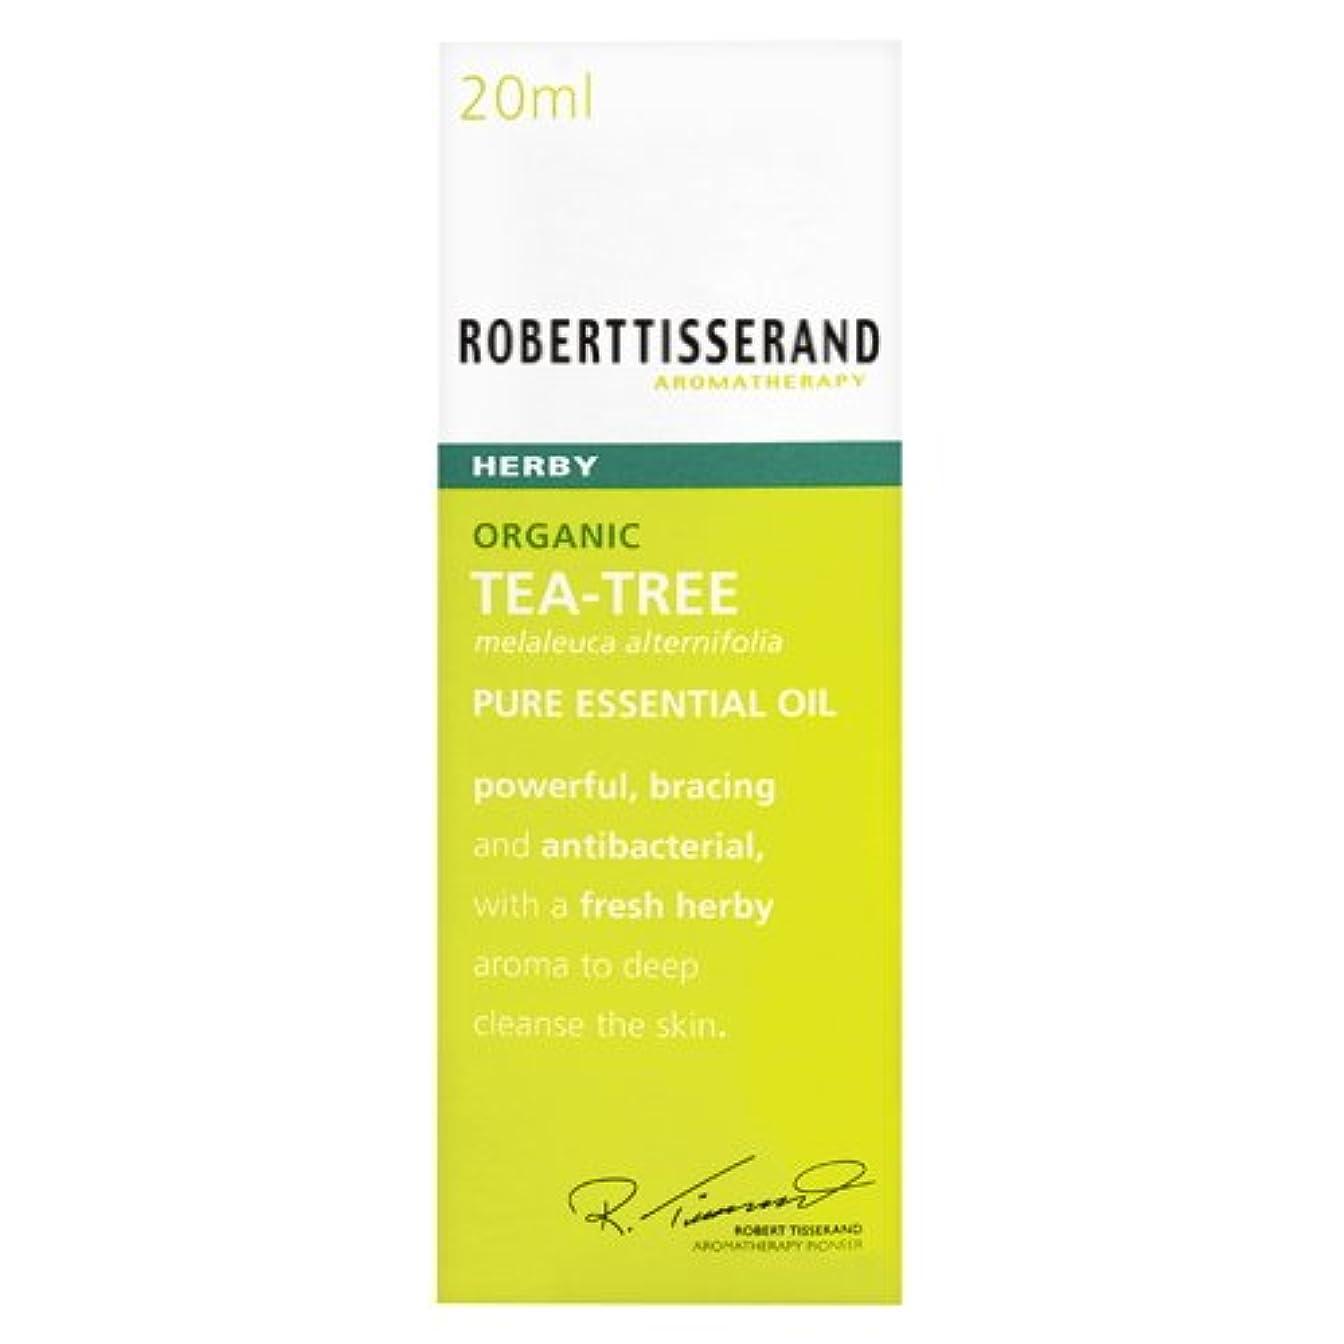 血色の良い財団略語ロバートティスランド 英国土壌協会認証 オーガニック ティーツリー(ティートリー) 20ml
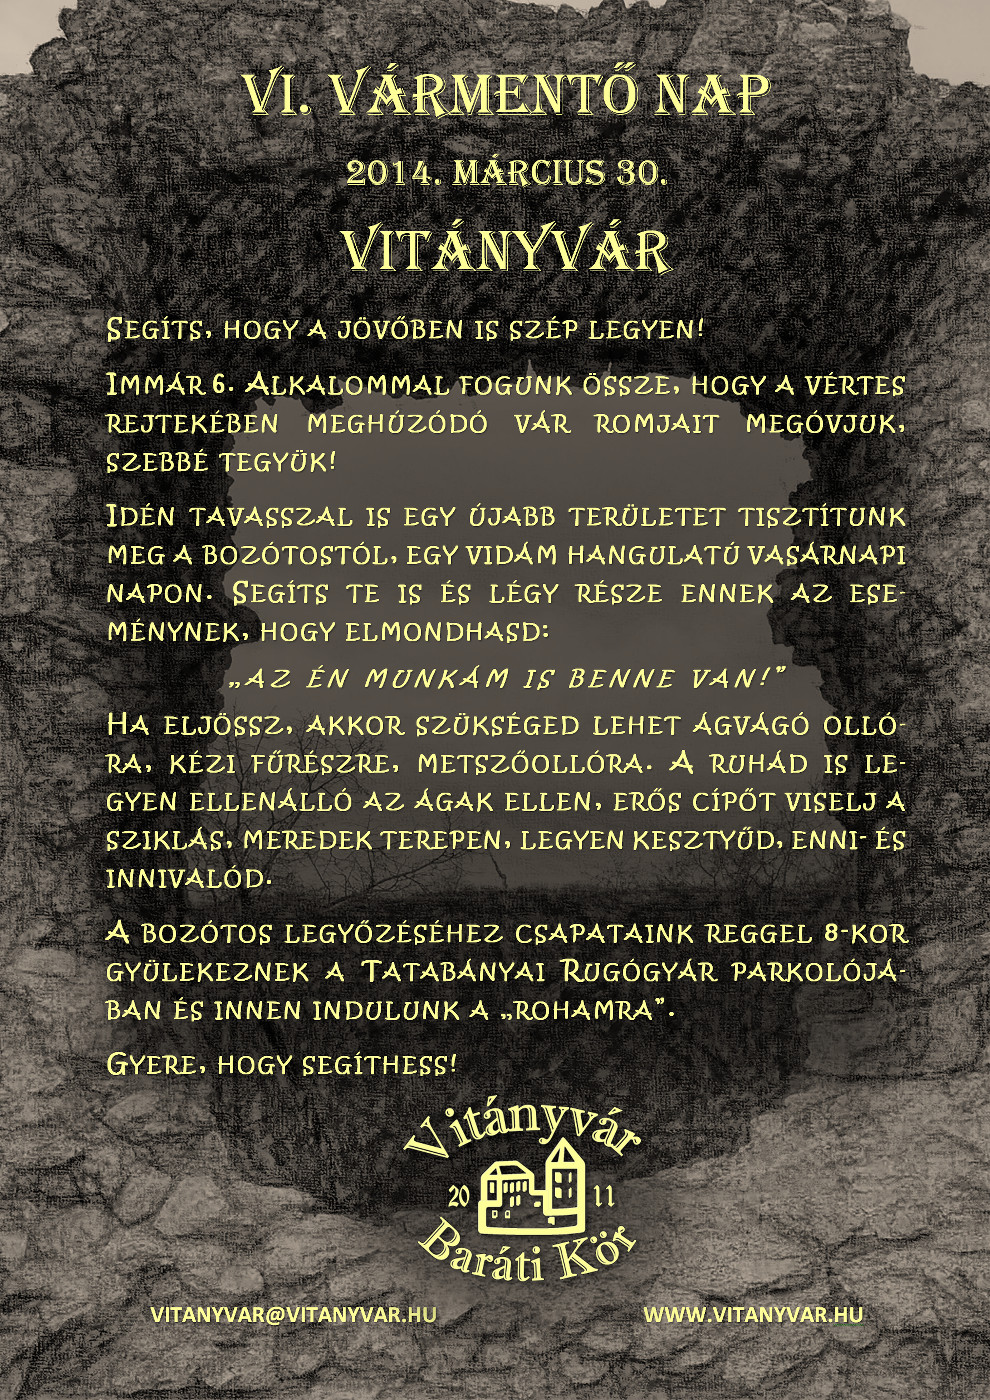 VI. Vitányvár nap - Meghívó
· · · ·
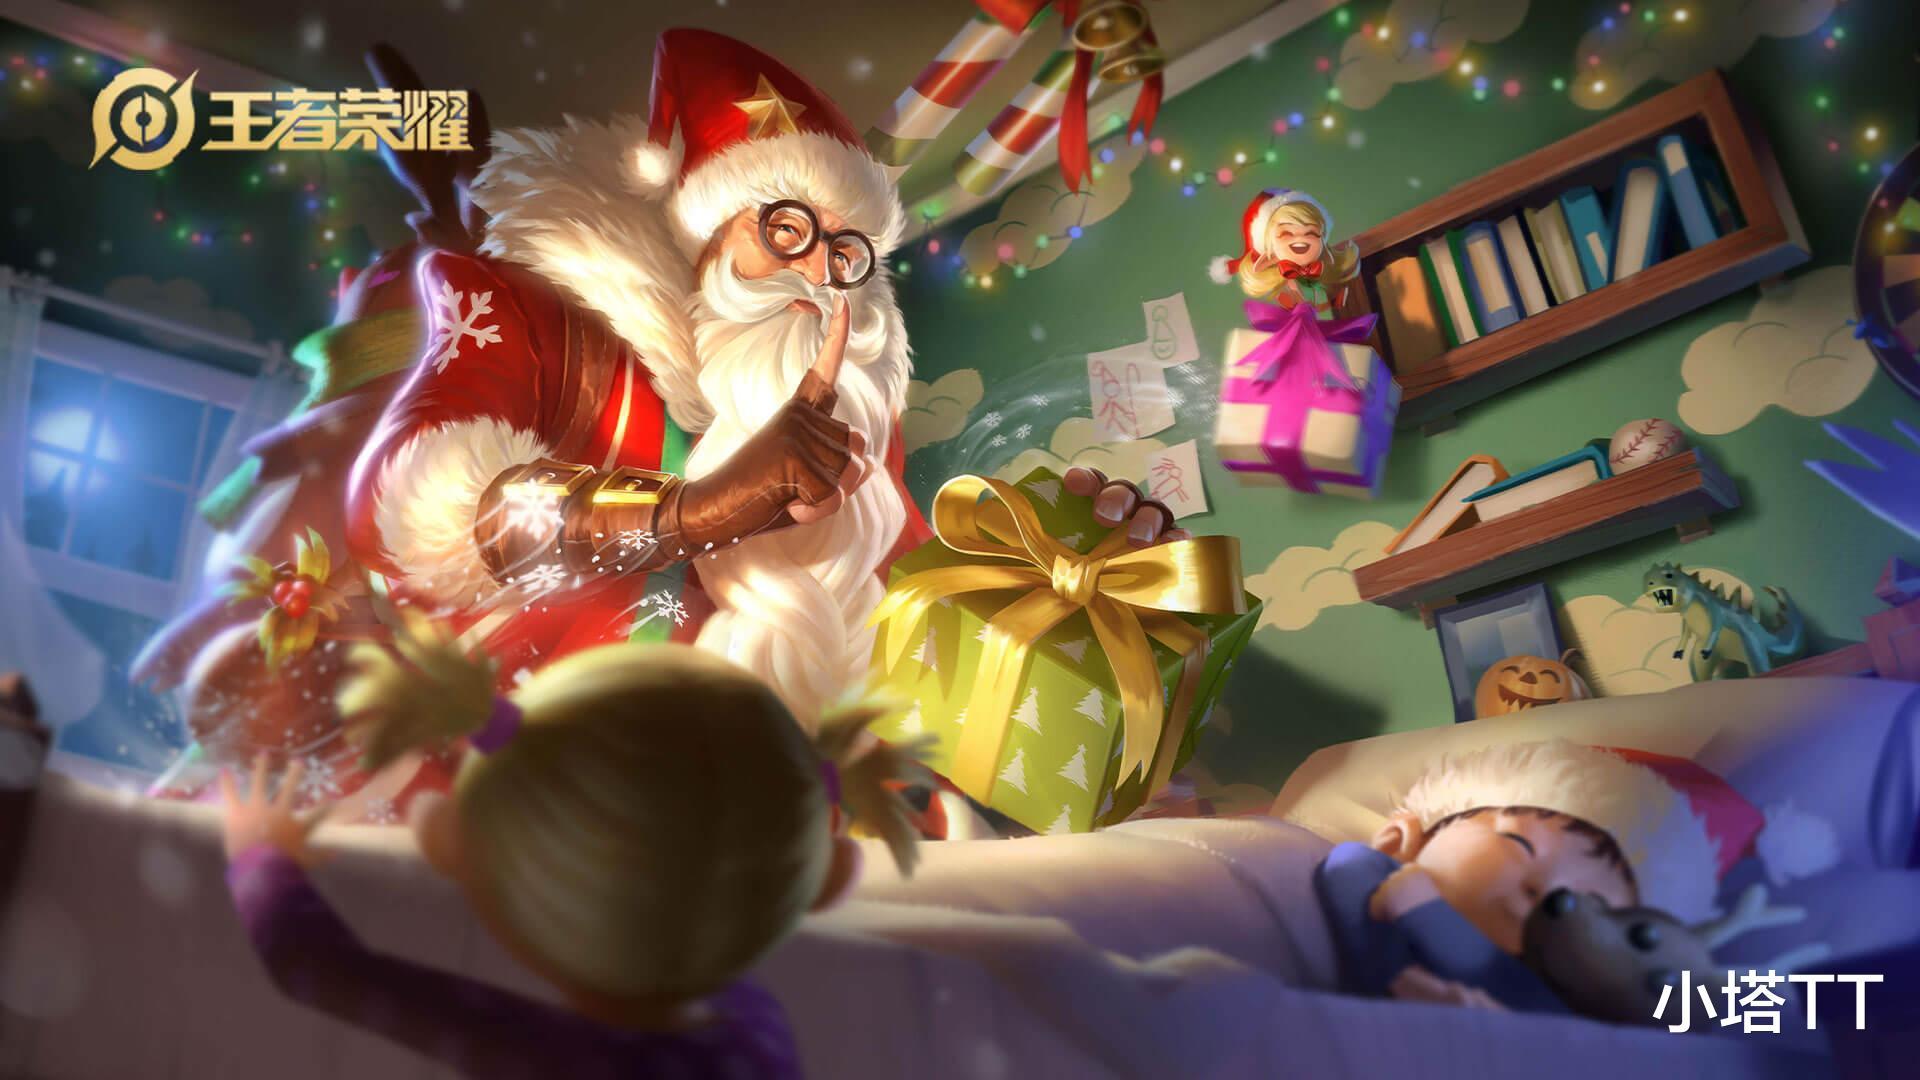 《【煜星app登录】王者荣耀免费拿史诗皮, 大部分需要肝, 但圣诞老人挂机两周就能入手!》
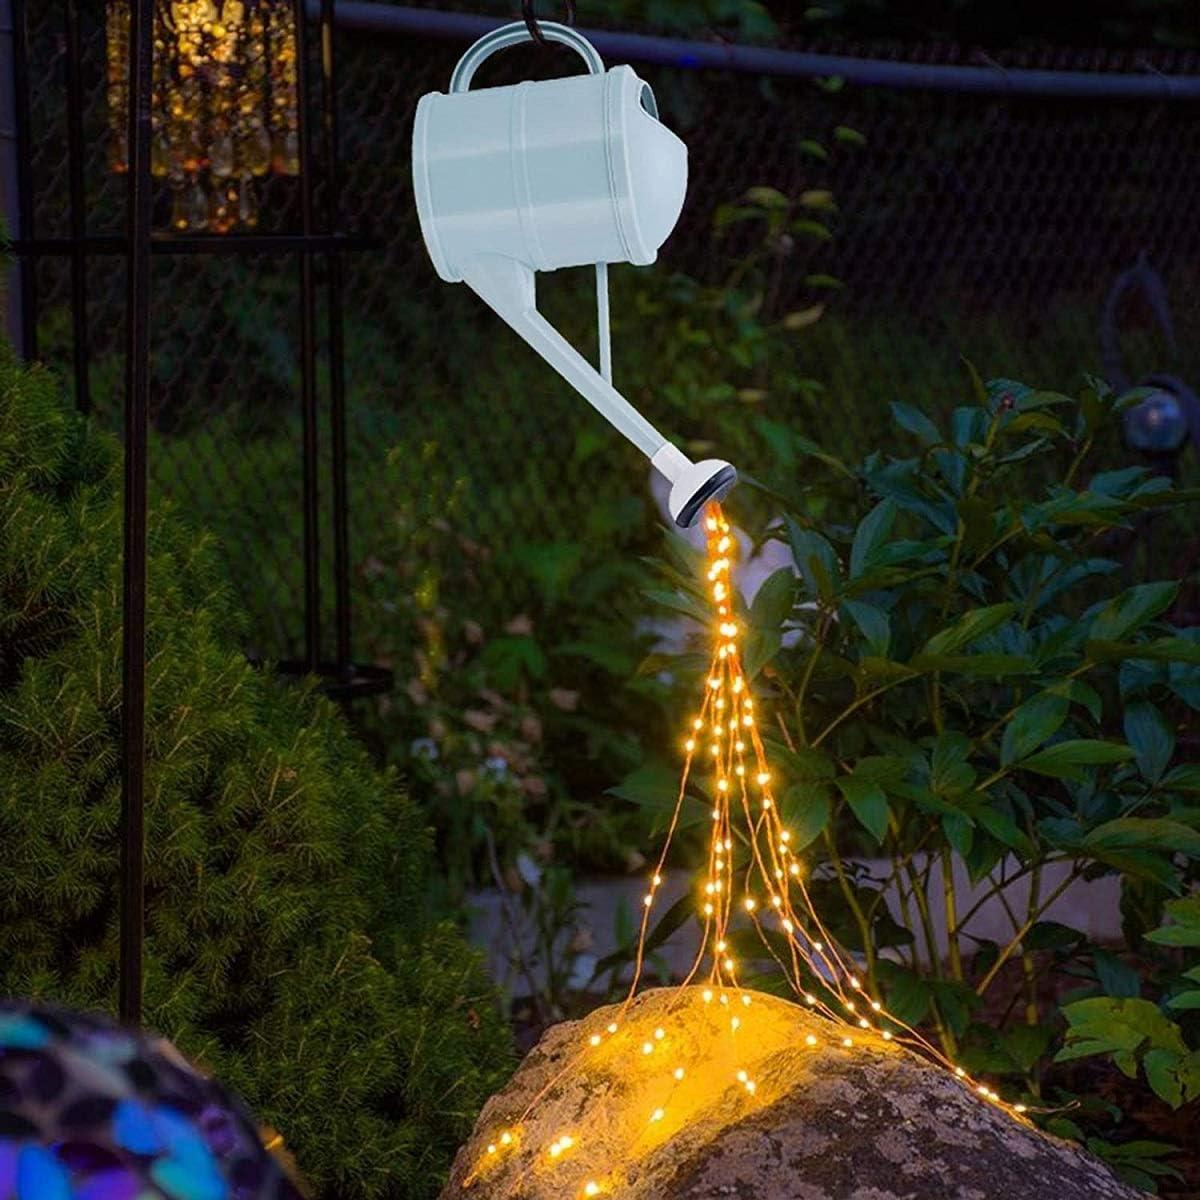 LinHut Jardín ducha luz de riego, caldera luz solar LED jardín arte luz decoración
· · · ·
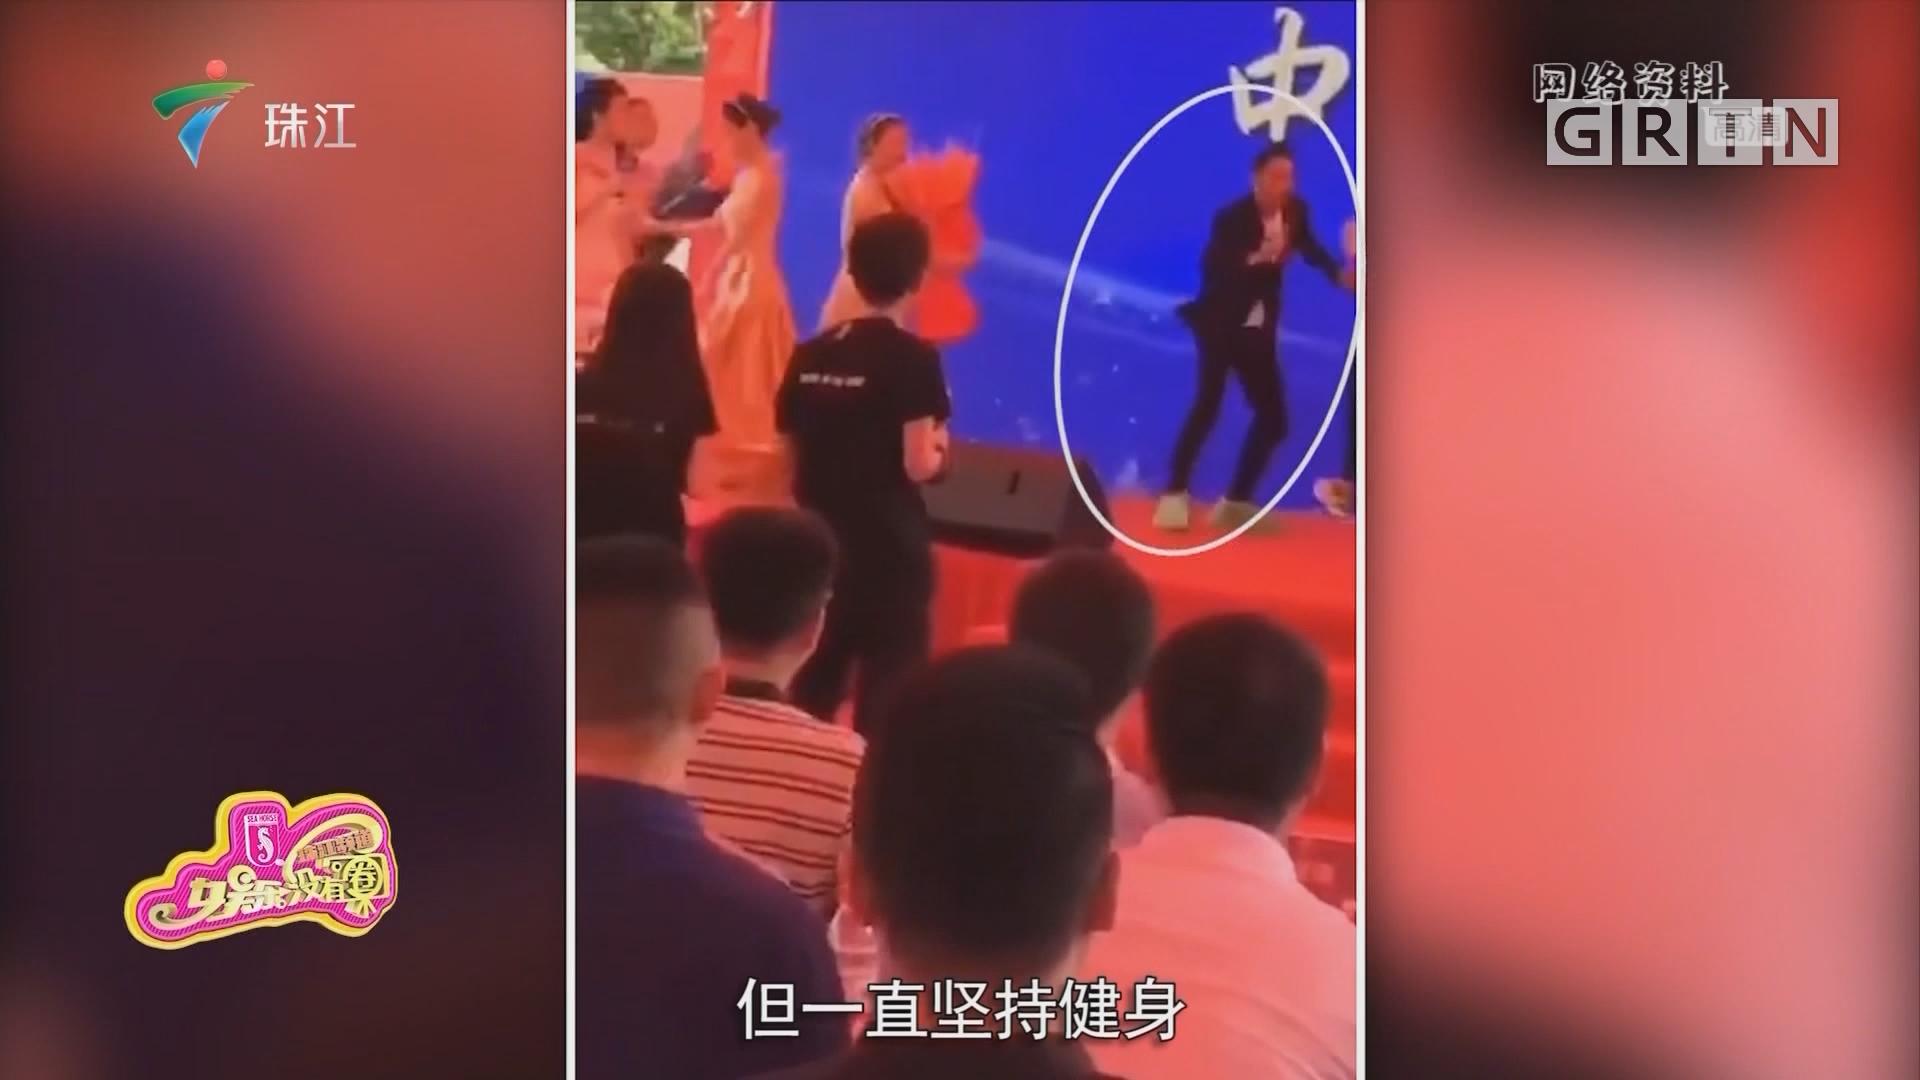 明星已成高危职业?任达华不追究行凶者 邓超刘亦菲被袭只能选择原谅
· · · ·
**How to complete this task**
Set the pictures aside and transcribe exactly the stretch of lines above, beginning with the one holding "血色の良い財団略語ロバートティスランド 英国土壌協会認証 オーガニック" and ending with the one holding "VI. Vitányvár nap - Meghívó".

**Answer to the exercise**
 血色の良い財団略語ロバートティスランド 英国土壌協会認証 オーガニック ティーツリー(ティートリー) 20ml
 VI. Vitányvár nap - Meghívó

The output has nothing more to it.